HST Counseling
cristina-gottardi-106636.jpg

Addiction

Our greatest glory is not in never falling but in rising every time we fall.

- Confucius

What is an addiction?

A person is considered to have an addiction when they cannot stop taking a drug or drinking even when they want to.  The urge to use a drug, drink alcohol or engage in an addictive behavior (ex. gambling) is too strong to control even when the person knows it is causing them harm.  The substance use will often cause problems with taking care of everyday tasks.  For example, a person dealing with addiction might call in to work due to having a hangover or their physical health may decline as a result of the substance use. 

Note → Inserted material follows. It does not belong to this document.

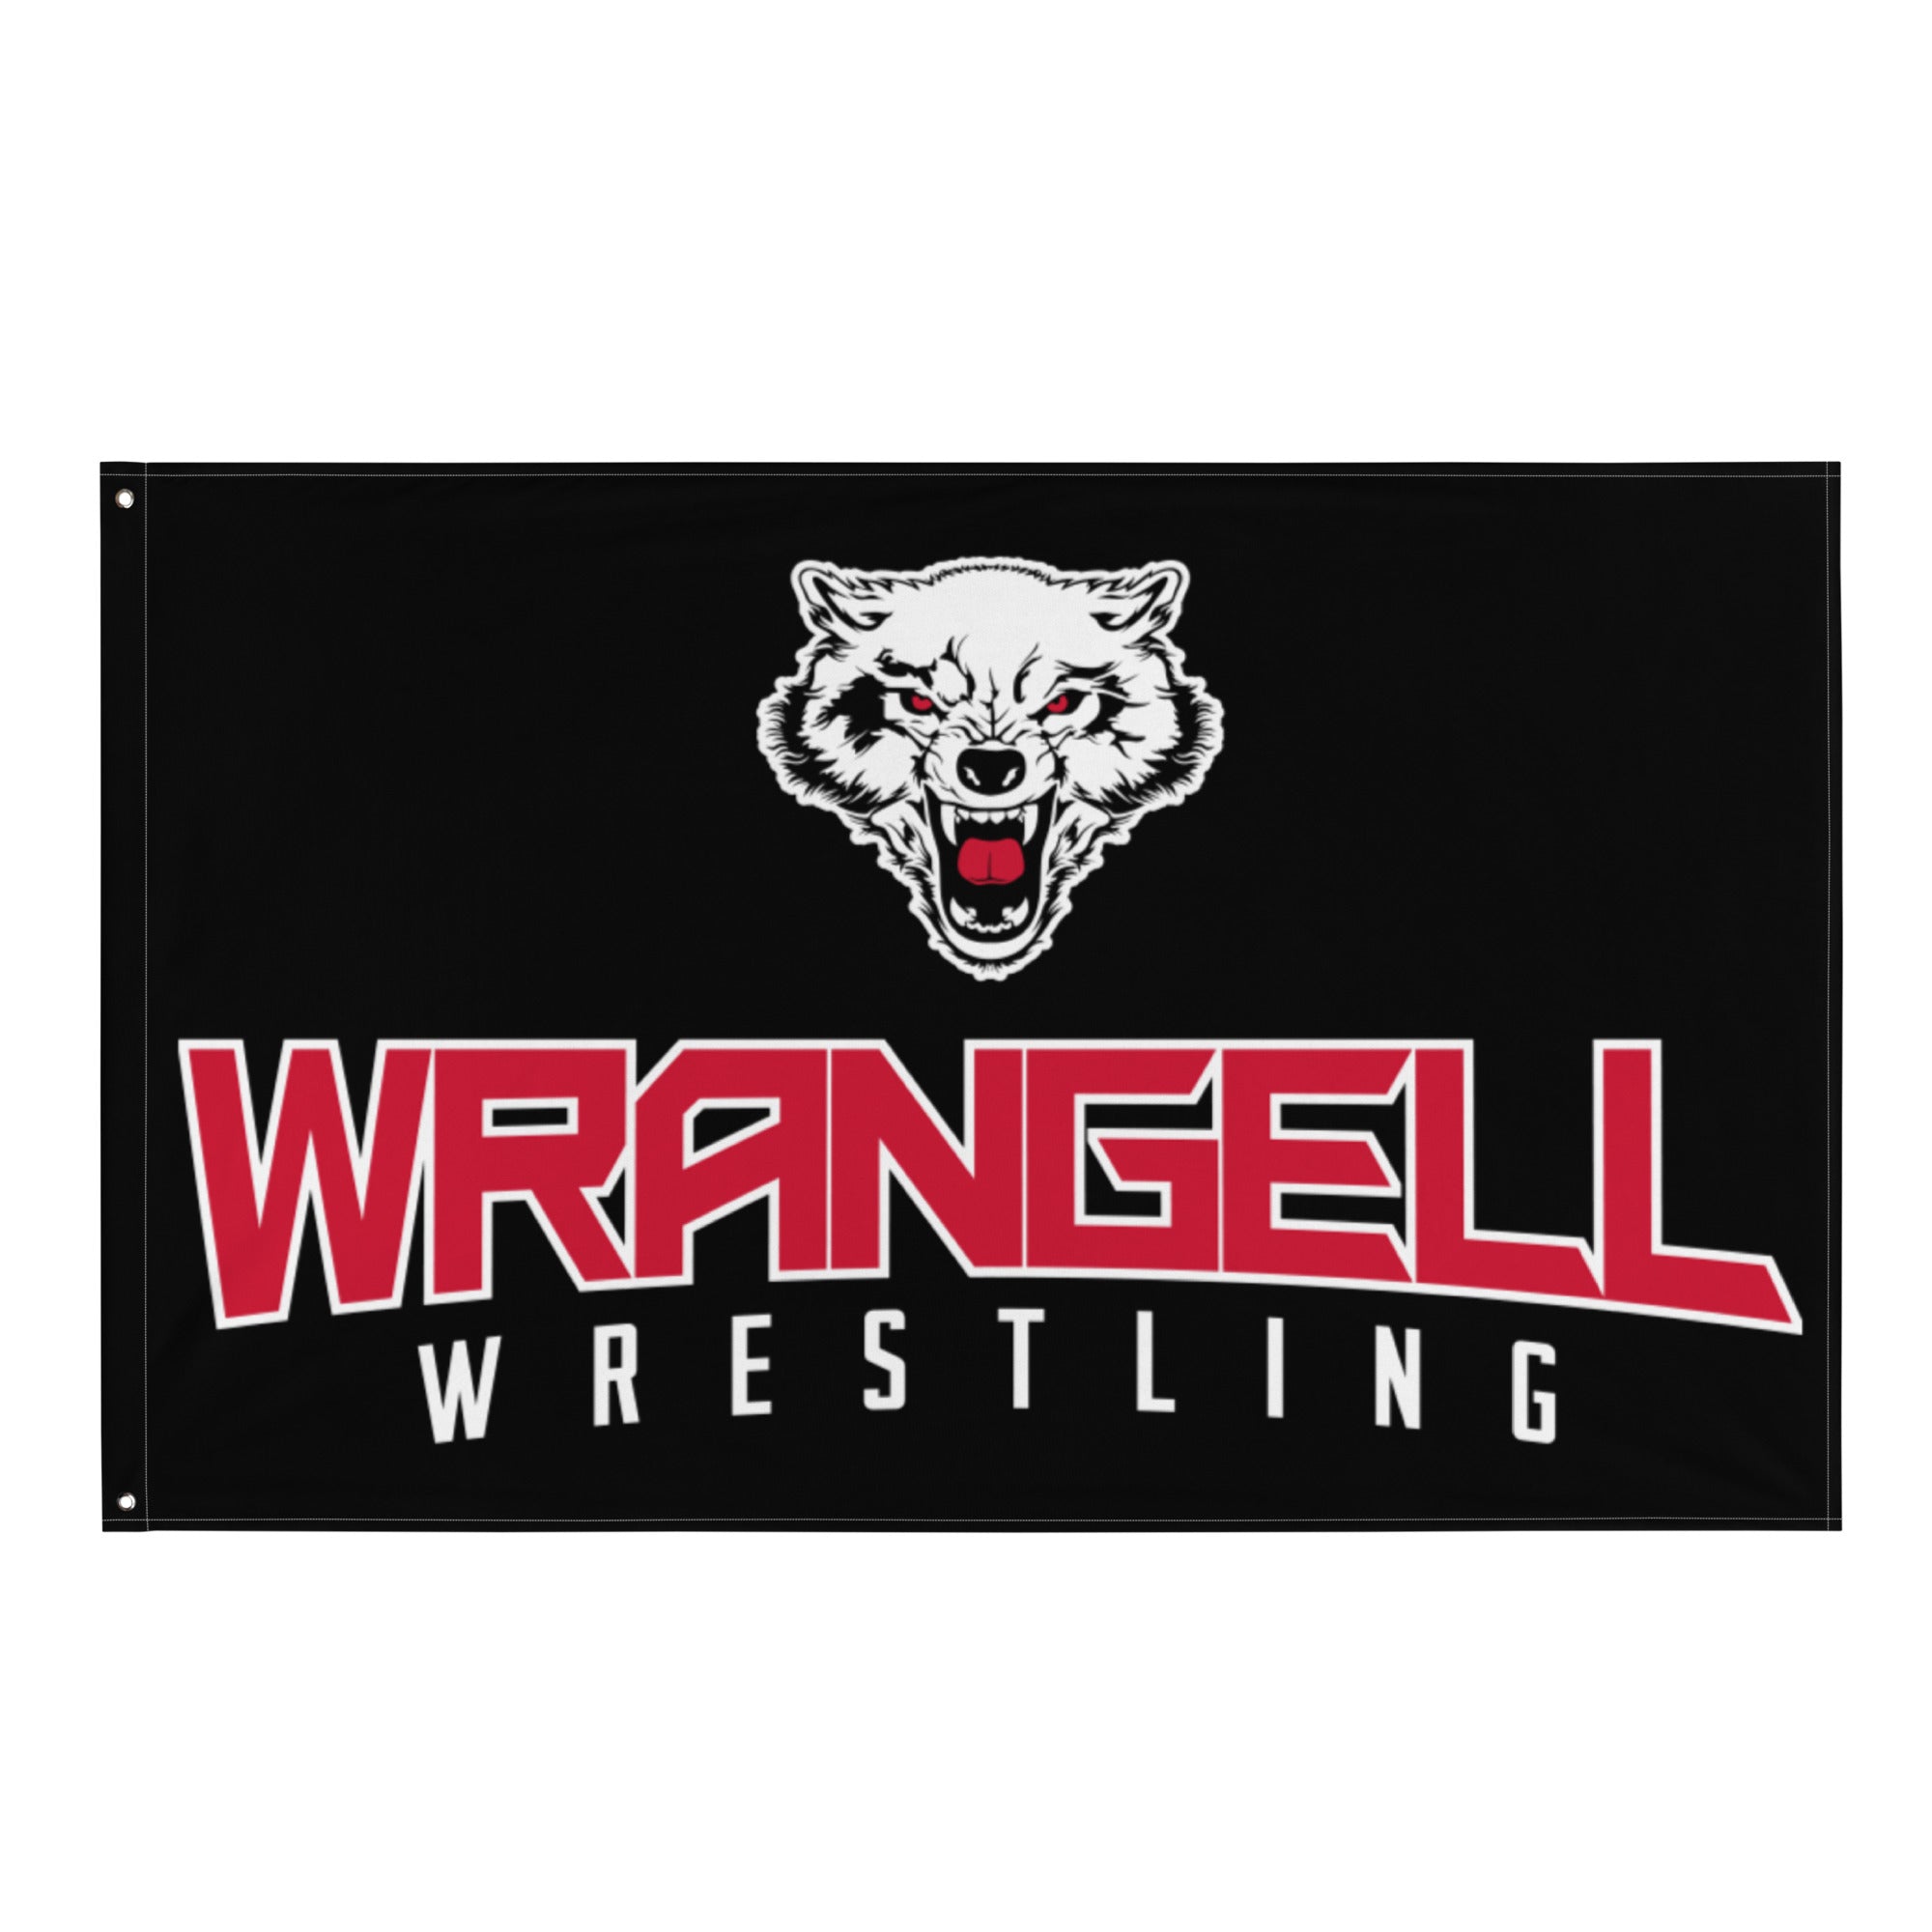 Wrangell Wrestling All-Over Print Flag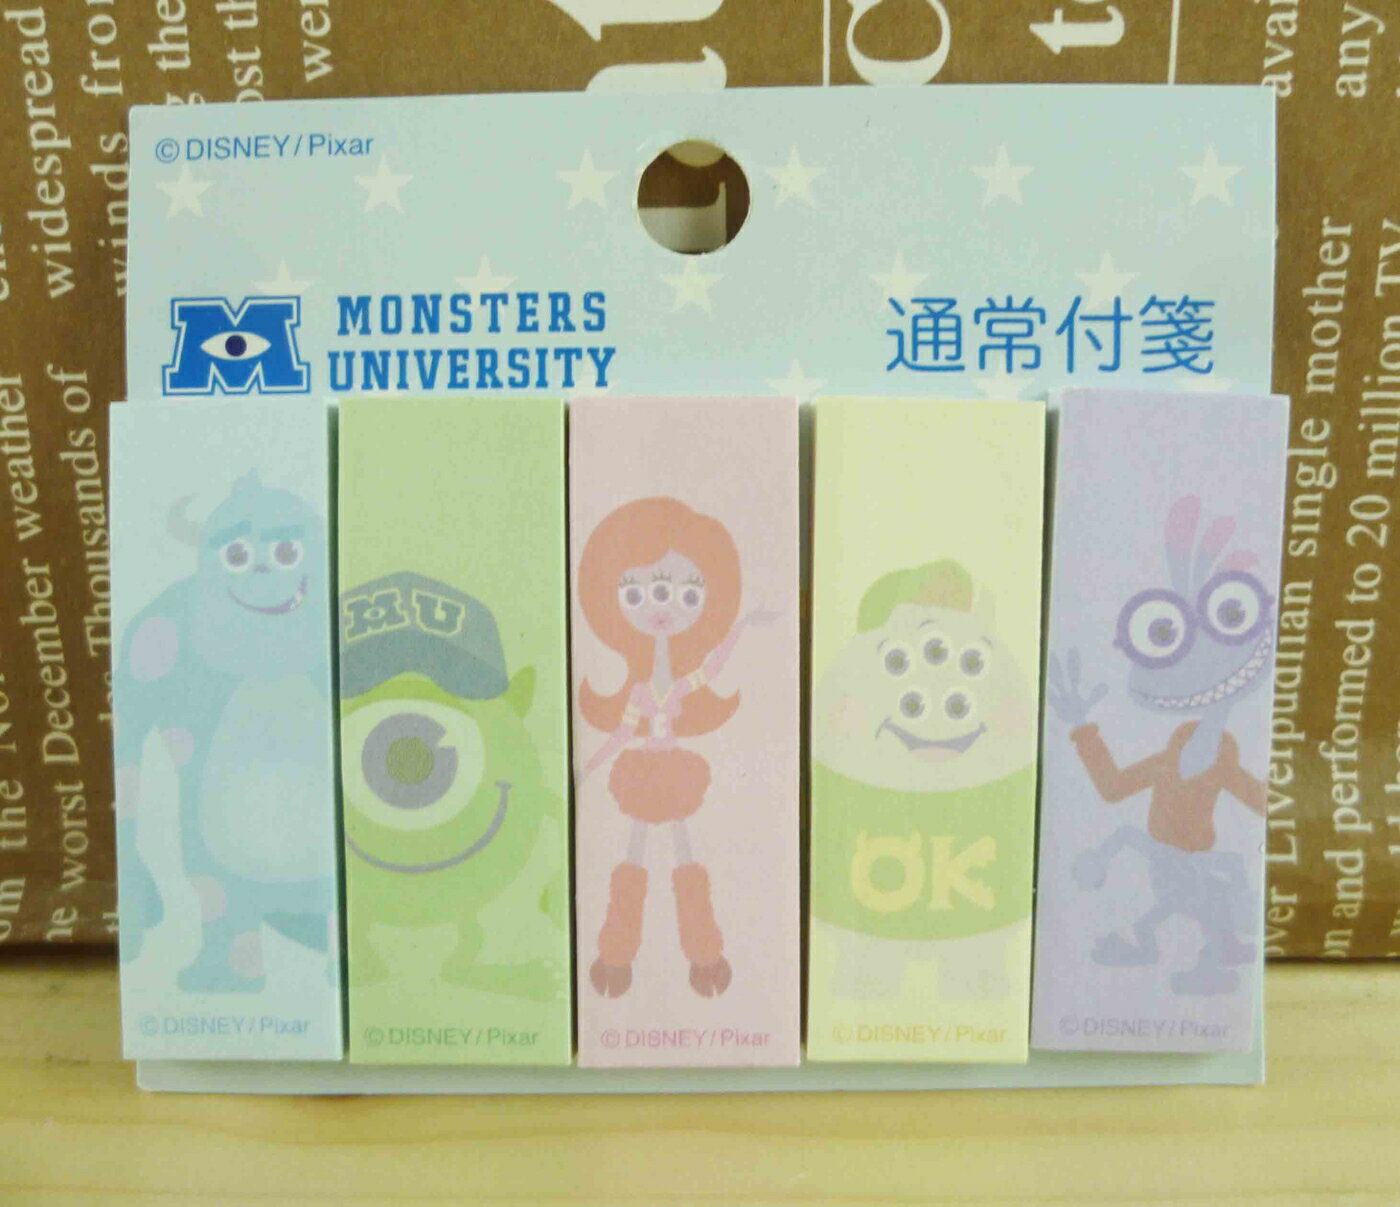 【震撼精品百貨】Monsters University 怪獸大學 便利貼-彩色底 震撼日式精品百貨

How are addictions treated?

There are several ways to treat addiction.  Treatment methods that can be used in outpatient counseling include:

EMDR (Eye Movement Desensitization Reprocessing) - EMDR is a form of therapy that involves some sort of back and forth movement such as your eyes moving back and forth while you think about an issue you are dealing with.  Through the completion of more than 20 research studies, EMDR has been proven to be one of the most effective forms of therapy for treating trauma.  Studies have shown significant improvement in up to 90% of persons who participate in EMDR.  There are several specific treatment protocols that are used when treating addiction using EMDR including the DeTUR protocol, Feeling State Addiction Protocol, and the CravEx protocol.   

Cognitive Behavioral Therapy (CBT) - This form of therapy involves looking at how your thoughts, feelings and behaviors are interrelated.  It involves examining unhelpful thought patterns and unhelpful ways of reacting to situations.  The end goal of CBT is to change your patterns of thinking and behavior which then changes the way you feel.

Traditional Talk Therapy - This form of therapy involves having the client discuss their current stressors, life situation, and trauma history while the therapist listens and asks appropriate questions to help the client examine and process their experience.  Some clients find this form of therapy to be effective because it helps them to think through things and make decisions on how to handle situations in their life.  It can also help the client to view their issues from a different perspective.